To make sure that I understand it properly, you mean replacing

transform_train = transforms.Compose([
            transforms.RandomCrop(32, padding=4),        
            transforms.RandomRotation(15),              
            transforms.RandomHorizontalFlip(),           
            transforms.ToTensor(),                     
            normalize_transform,                          
        ])

with

transform_train = transforms.Compose([
            transforms.FiveCrop (40),
            transforms.Lambda(lambda crops: torch.stack([ToTensor()(crop) for crop in crops])) 
            transforms.RandomRotation(15),              
            transforms.RandomHorizontalFlip(),           
            normalize_transform,                          
        ])

and model(input) in training procedure should be changed to:

result = model(input.view(-1, c=3, h=40, w=40)) # fuse batch size and ncrops
result_avg = result.view(bs=128, ncrops=5, -1).mean(1) # avg over crops

and the result_avg will be used for calculating loss function, prediction?
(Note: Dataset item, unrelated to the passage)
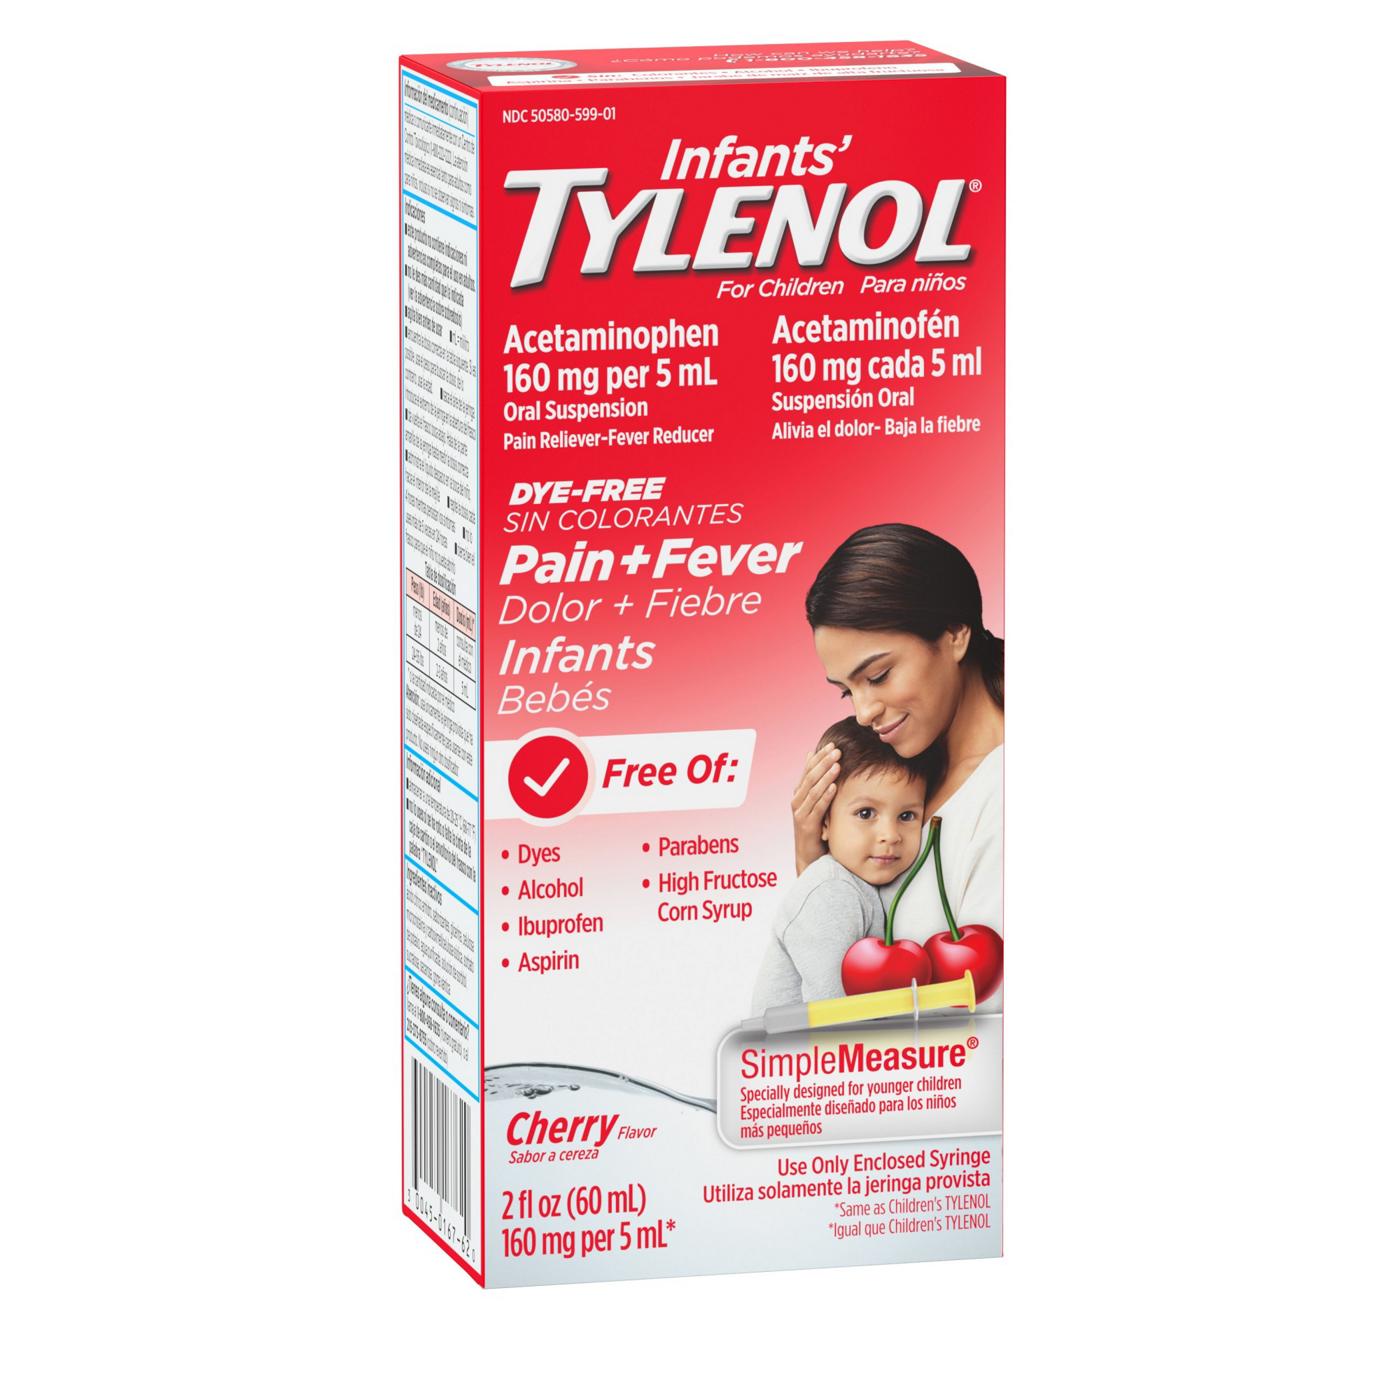 Tylenol Infants' Pain + Fever Oral Suspension - Cherry; image 5 of 6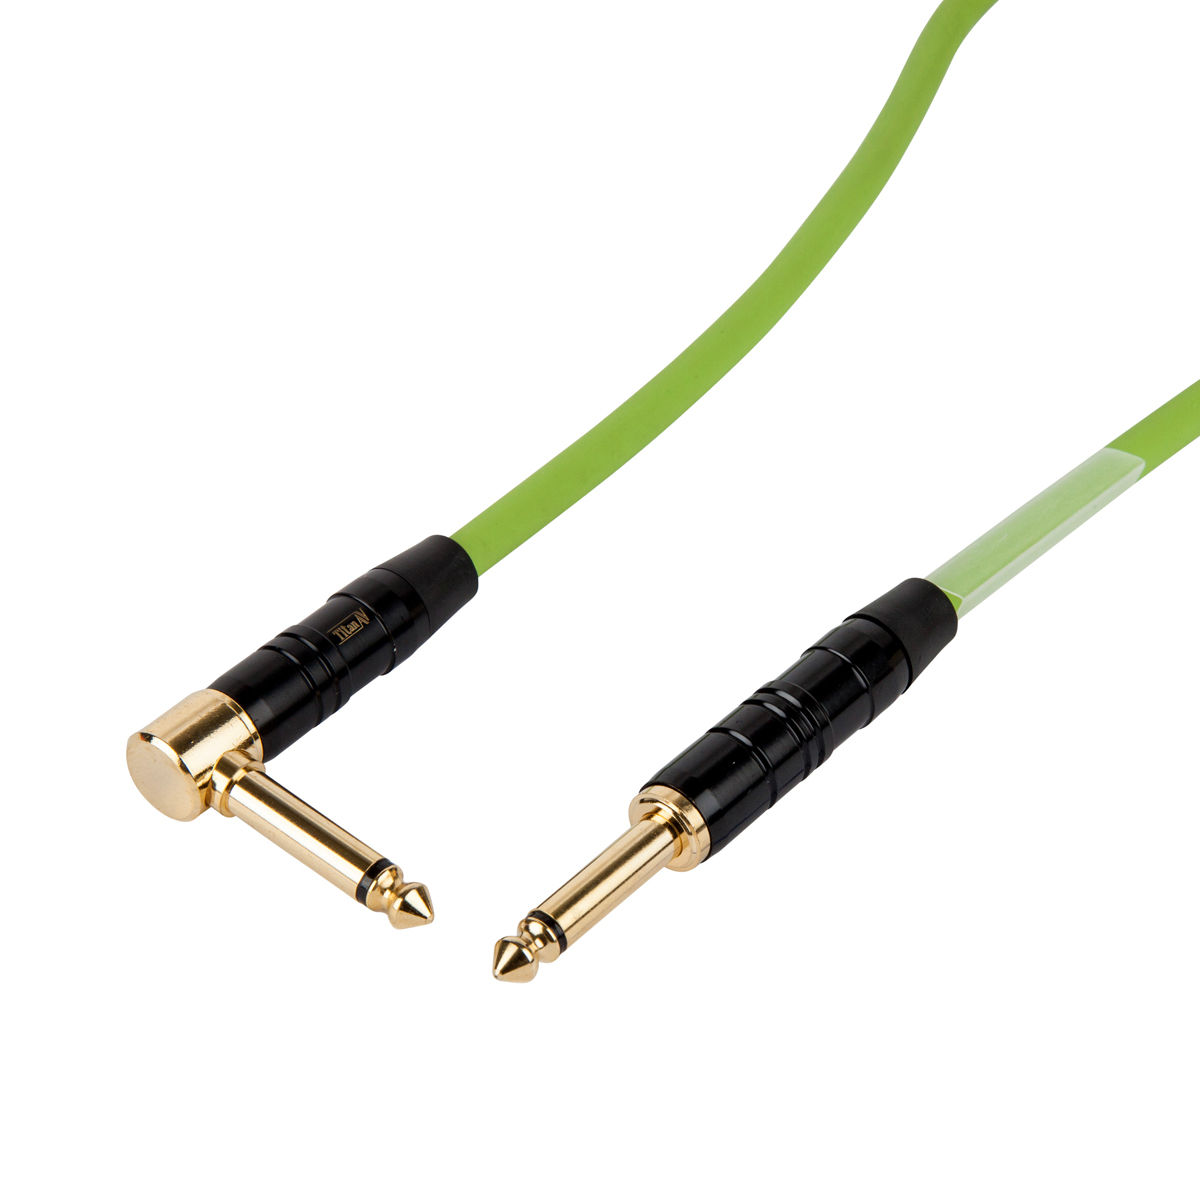 3m Guitar Lead 1/4" to 1/4" Right Angle jack, 6.5mm Green PVC Jacket

This generates extra data to train in different locations, and the size should be increased for that (let say from 32 to 40) to see some difference?

I think your new transformation won’t work, as you are trying to apply image transformations (e.g. RandomRotation) on tensors.

Instead you could apply FiveCrop, loop over each cropped image, and apply the rotation to it.

I’m not sure what size you are referring to in the last sentence. CIFAR-10 images have a spatial size of 32x32. You could of course pad them to 40x40 and check, if that helps.

Thank you, @ptrblck.